INFORMATION SHOWN:
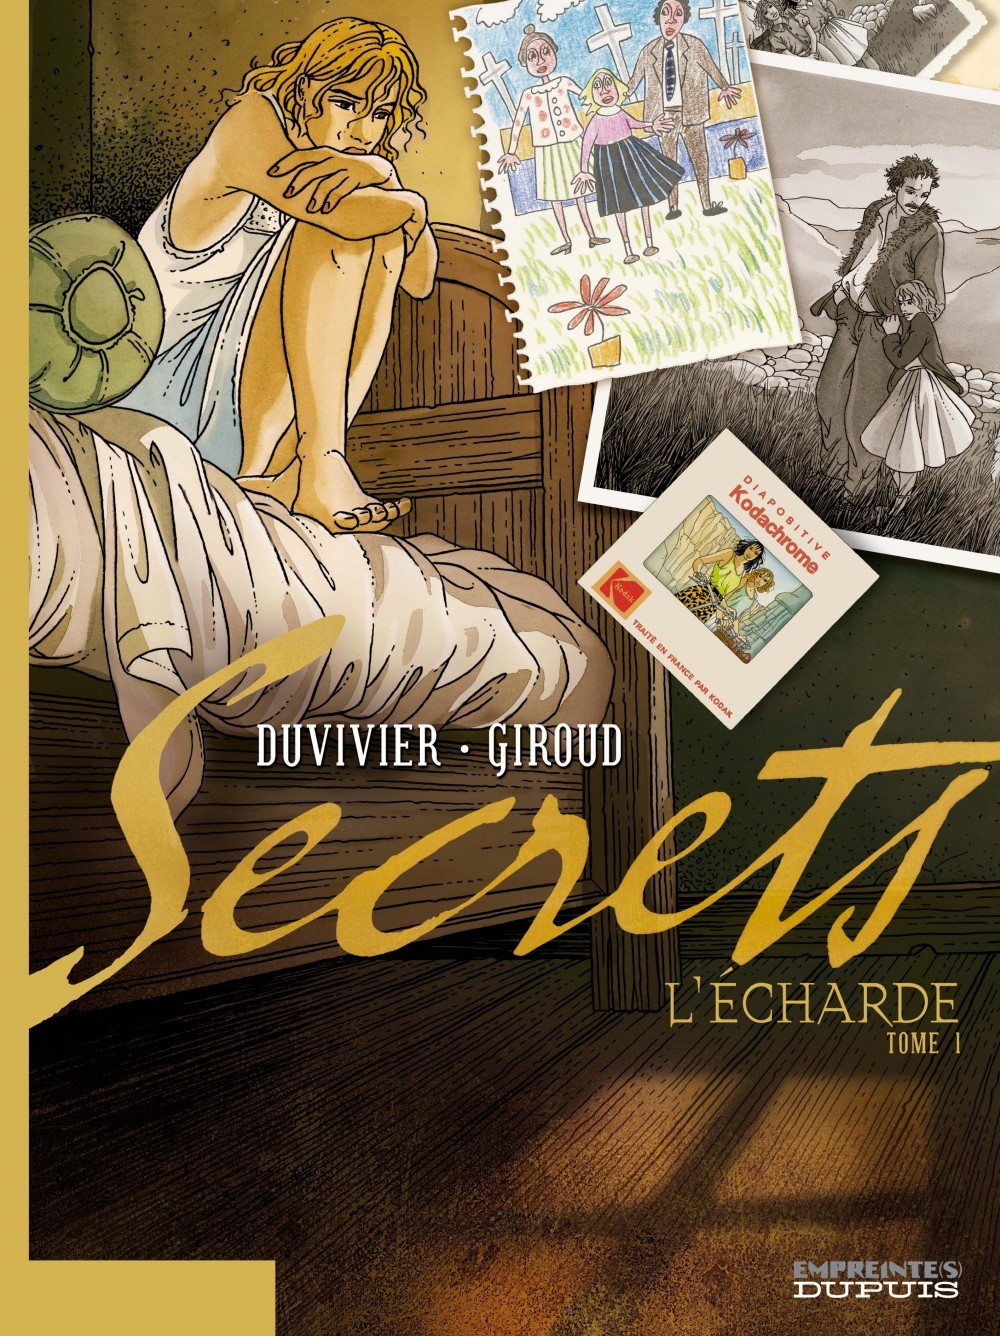 Secrets, L'Écharde - Tome 1 - Secrets, L'Écharde, tome 1/2 (9782800136035-front-cover)
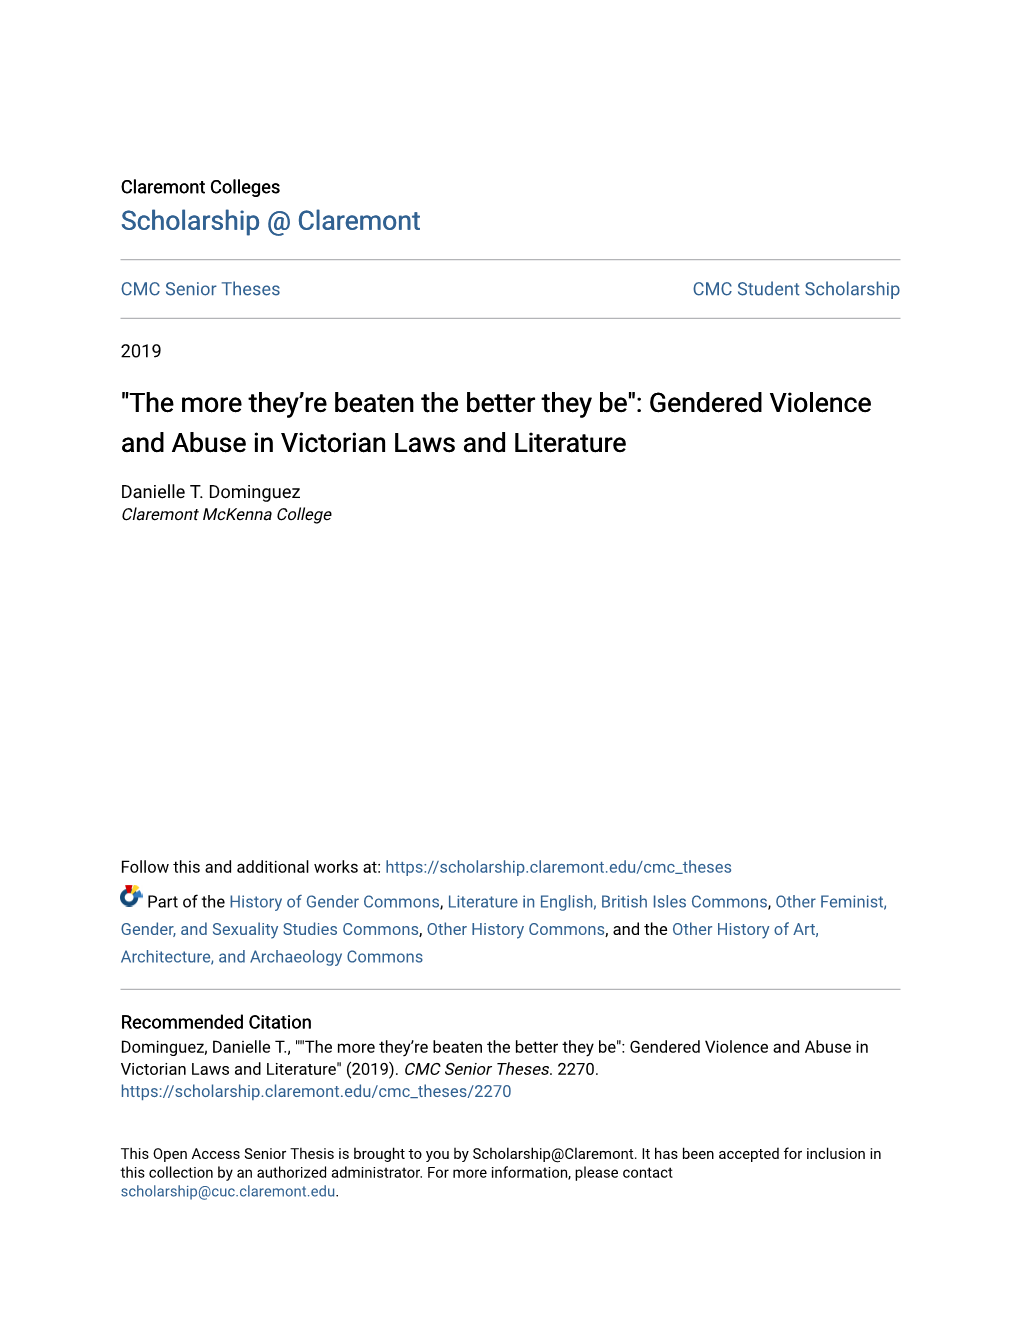 "The More They're Beaten the Better They Be": Gendered Violence And
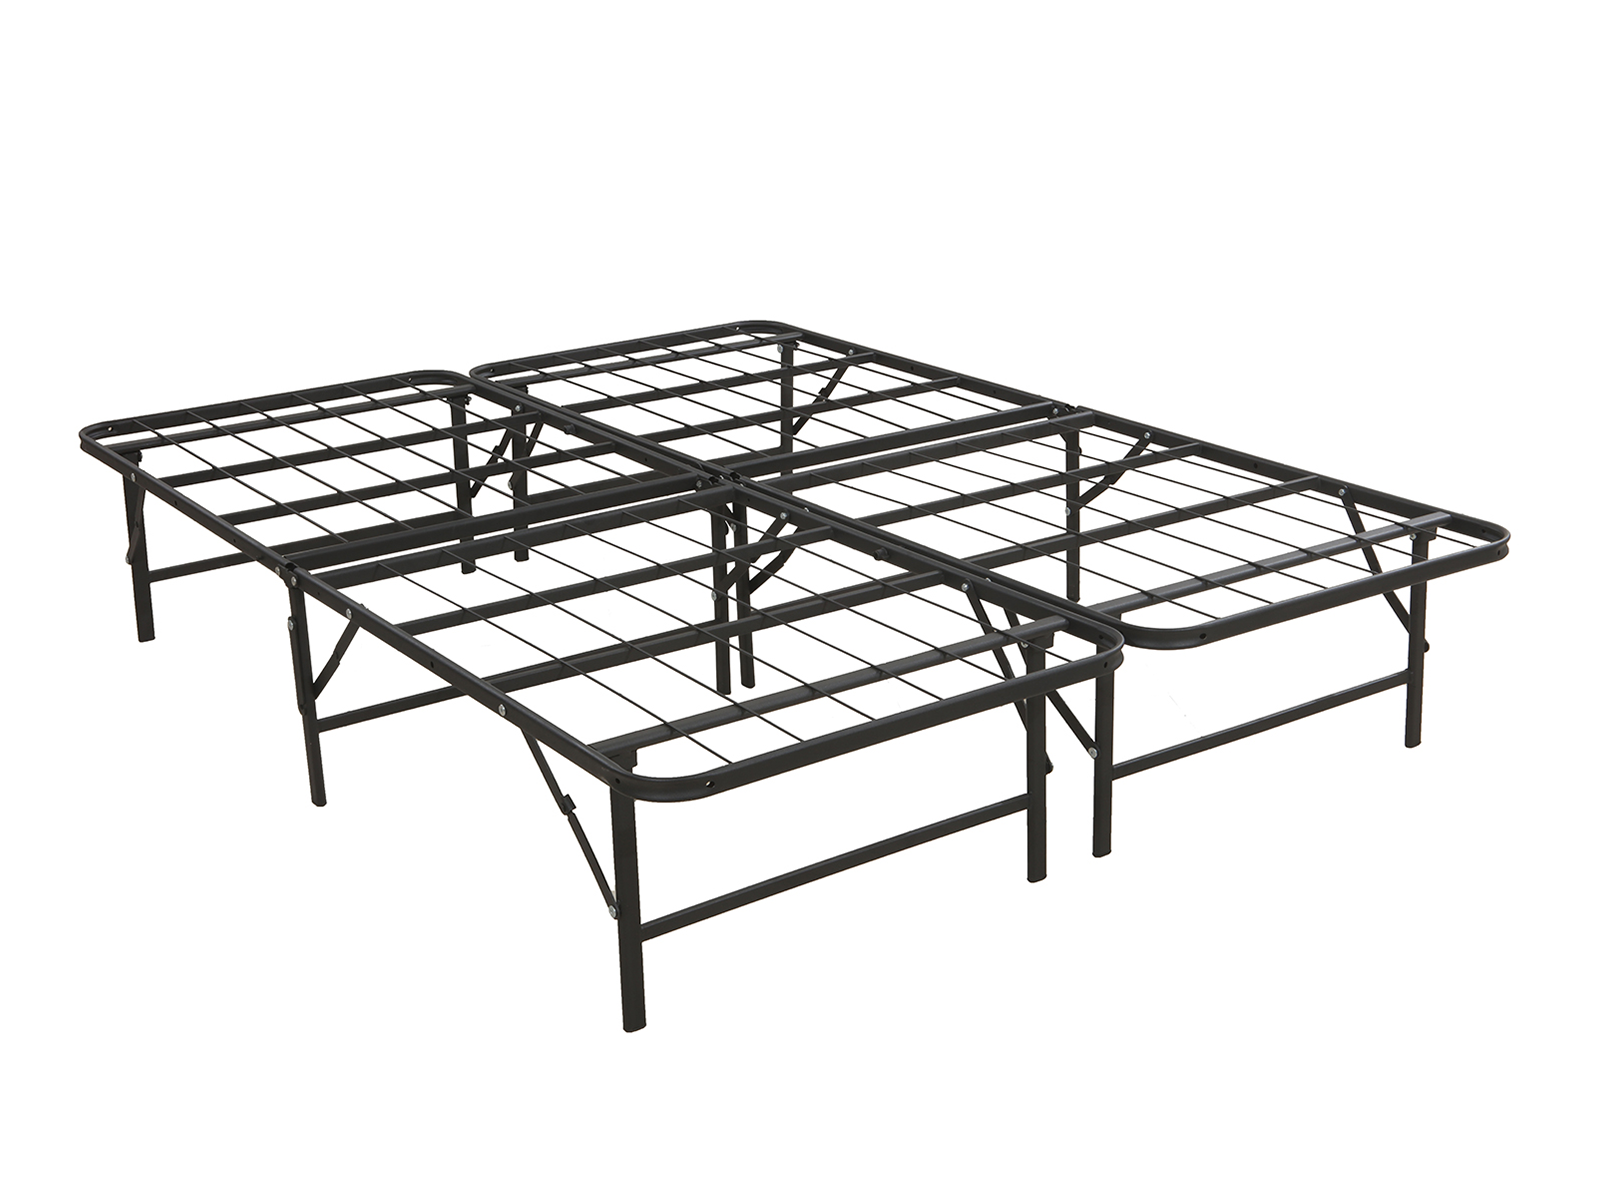 Mattress Firm Platform Bed Frame | Queen | Deluxe Raised Metal | Easy Assembly

ABOUT THIS TASK:
Provide a precise transcription of the listing, excluding each picture.

ANSWER SPACE:
 Secrets, L'Écharde - Tome 1 - Secrets, L'Écharde, tome 1/2 (9782800136035-front-cover)
 "The More They're Beaten the Better They Be": Gendered Violence And
 Mattress Firm Platform Bed Frame | Queen | Deluxe Raised Metal | Easy Assembly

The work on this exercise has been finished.